No segundo tempo, não só o marasmo seguiu, com a Holanda raramente achando espaços, como a Bulgária até começou a arriscar mais, com o espaço no meio-campo. Ainda assim, ficava demais depender apenas da dupla Popov-Kostadinov para fazer Cillessen trabalhar. Pelo lado laranja, de nada adiantava Janssen aparecer mais no jogo, se seus chutes invariavelmente saíam pela linha de fundo. Mais confiança mereciam Blind, Promes, Pröpper... e Robben. Três deles participaram da jogada do 2 a 0, aos 67': Promes passou, Blind cruzou, Robben escorou para fazer seu 34º gol pela seleção (sexto goleador na história, superando a marca dos 33, alcançada por Johan Cruyff e Abe Lenstra).

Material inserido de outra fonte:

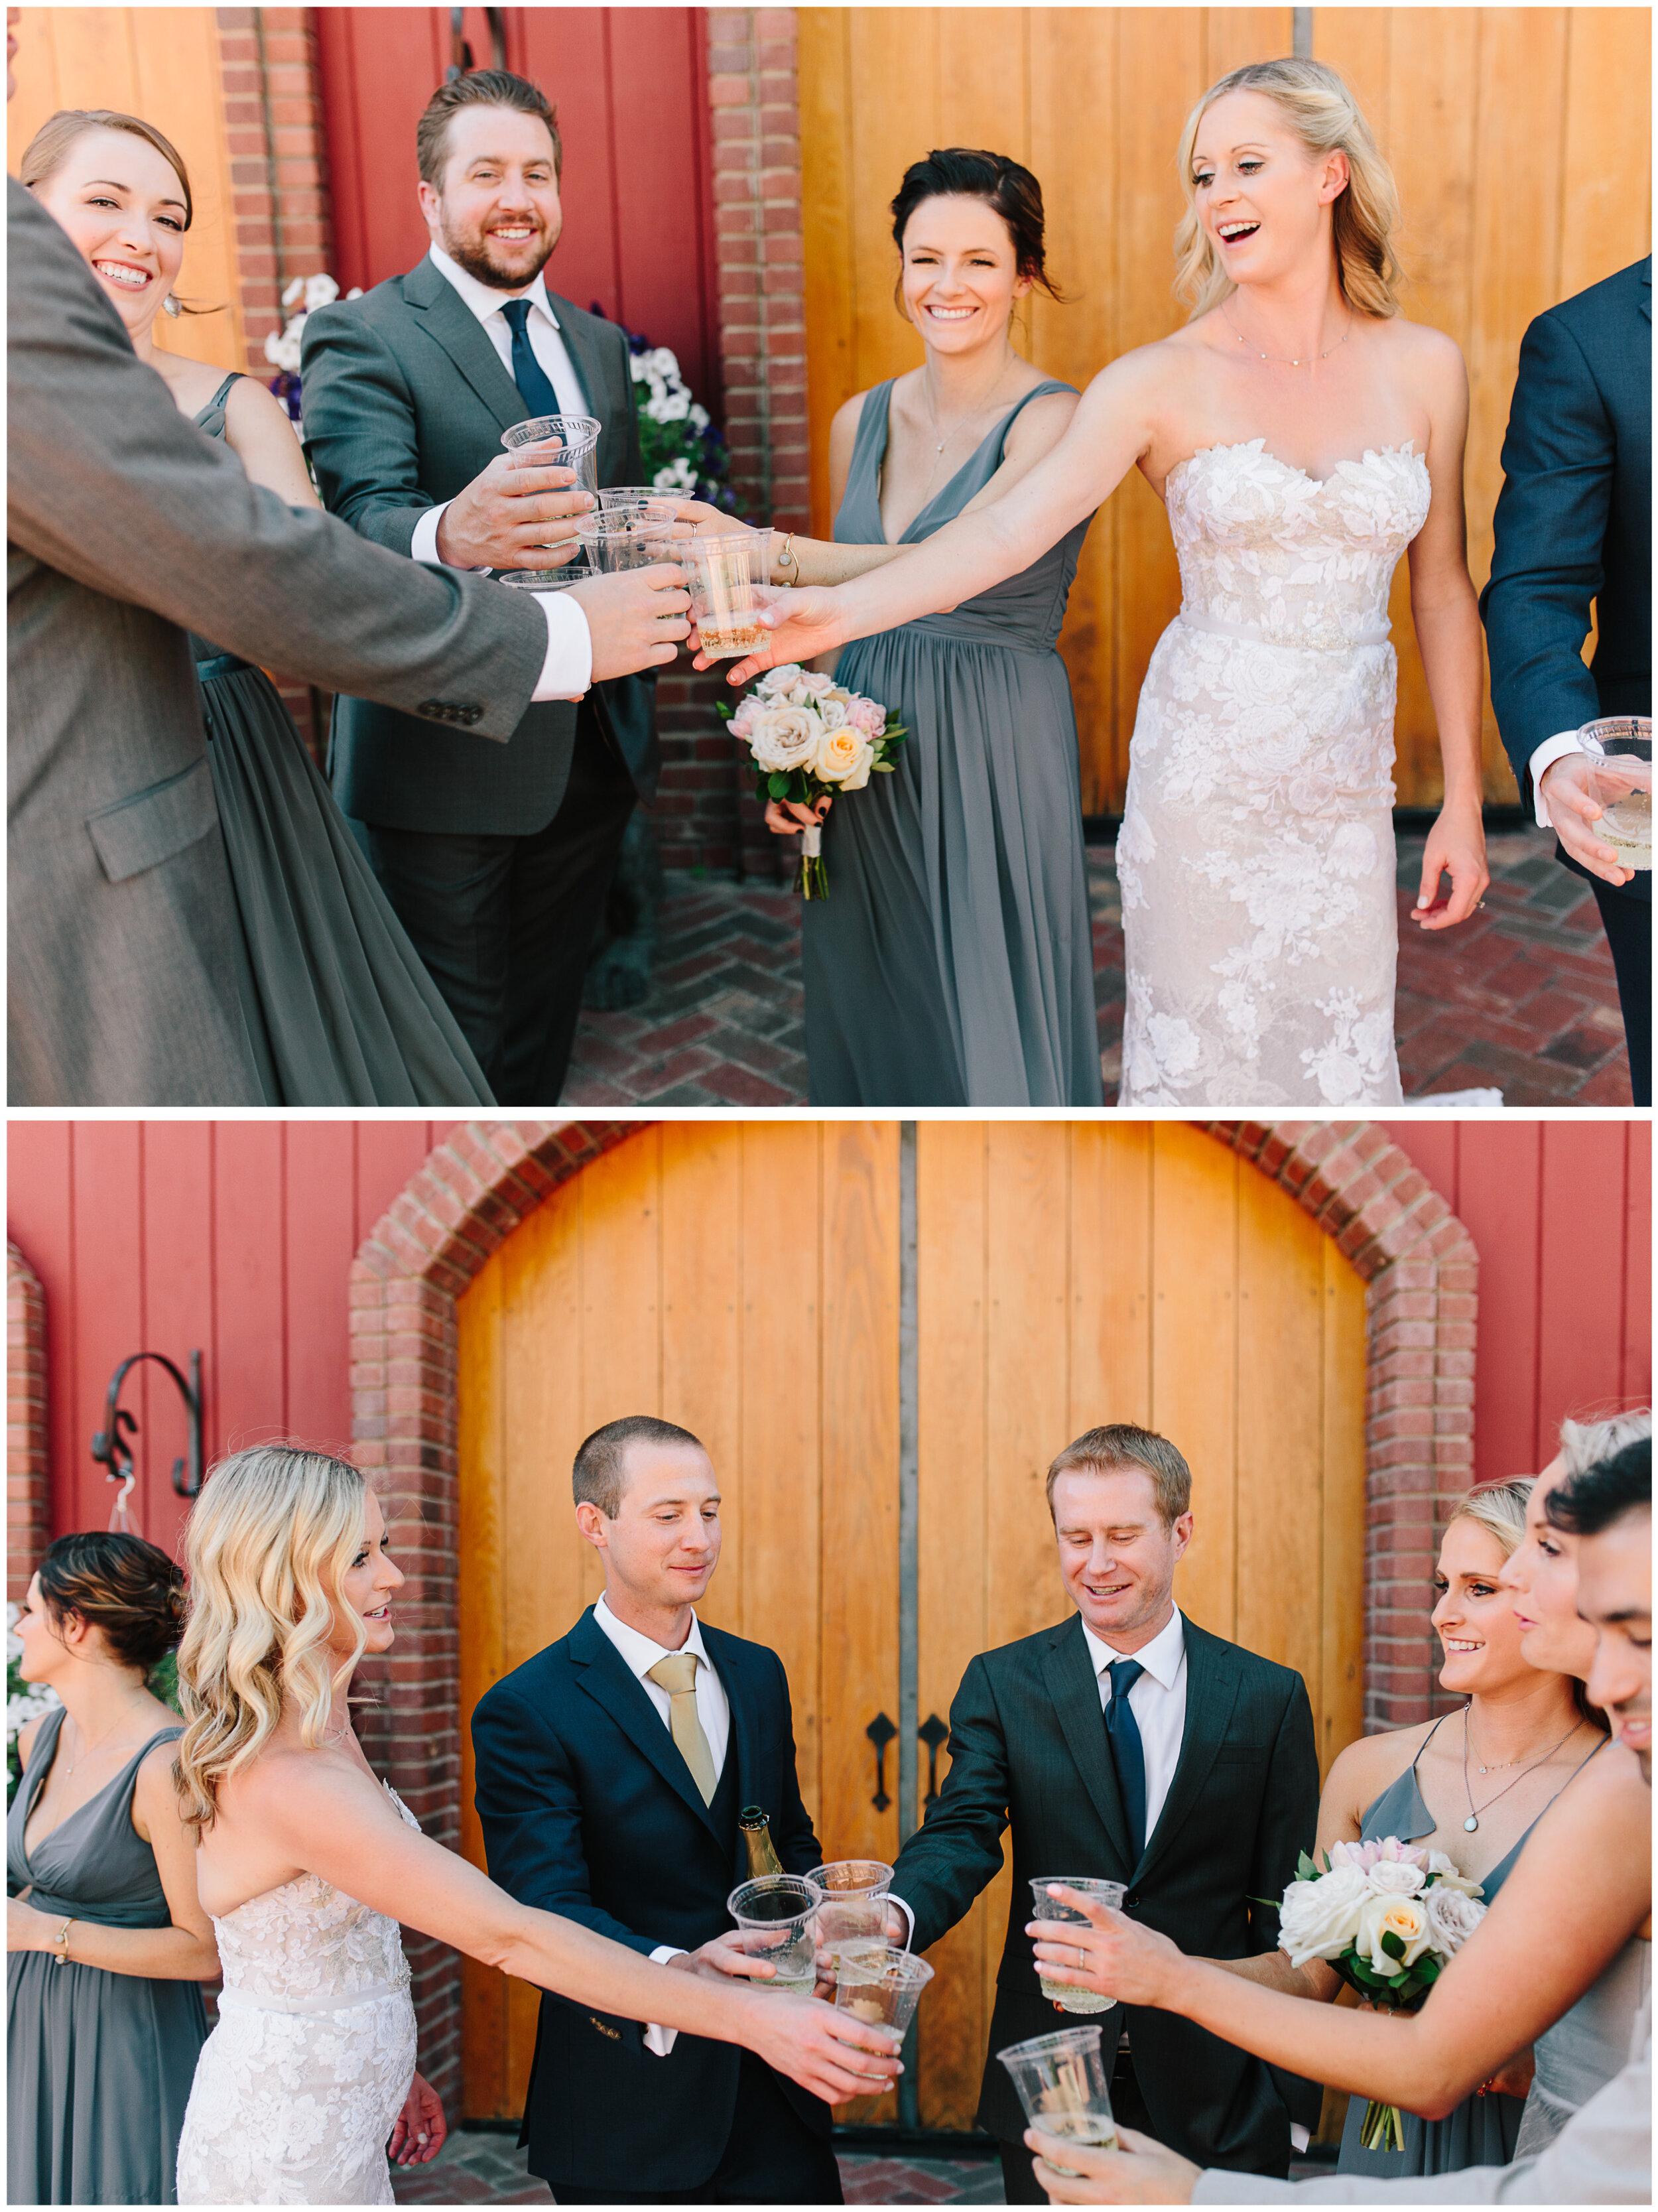 larkspur_colorado_wedding_34.jpg

Novamente para lembrar a fragilidade crônica holandesa, a Bulgária diminuiu quase na sequência, quando Ivelin Popov cobrou falta e Kostadinov, quase imperceptivelmente, desviou a bola na área, fora do alcance de Cillessen - e sem marcação nenhuma. Tudo bem, a Holanda até merecia vencer - e assegurou os três pontos com o segundo gol de Pröpper, aos 80', de cabeça. Mas se sabia que era um triunfo com pouco significado. Primeiro, porque a goleada da Suécia ampliava a diferença no saldo de gols, primeiro critério de desempate nas eliminatórias da Copa (+11 para os suecos, +5 para os holandeses).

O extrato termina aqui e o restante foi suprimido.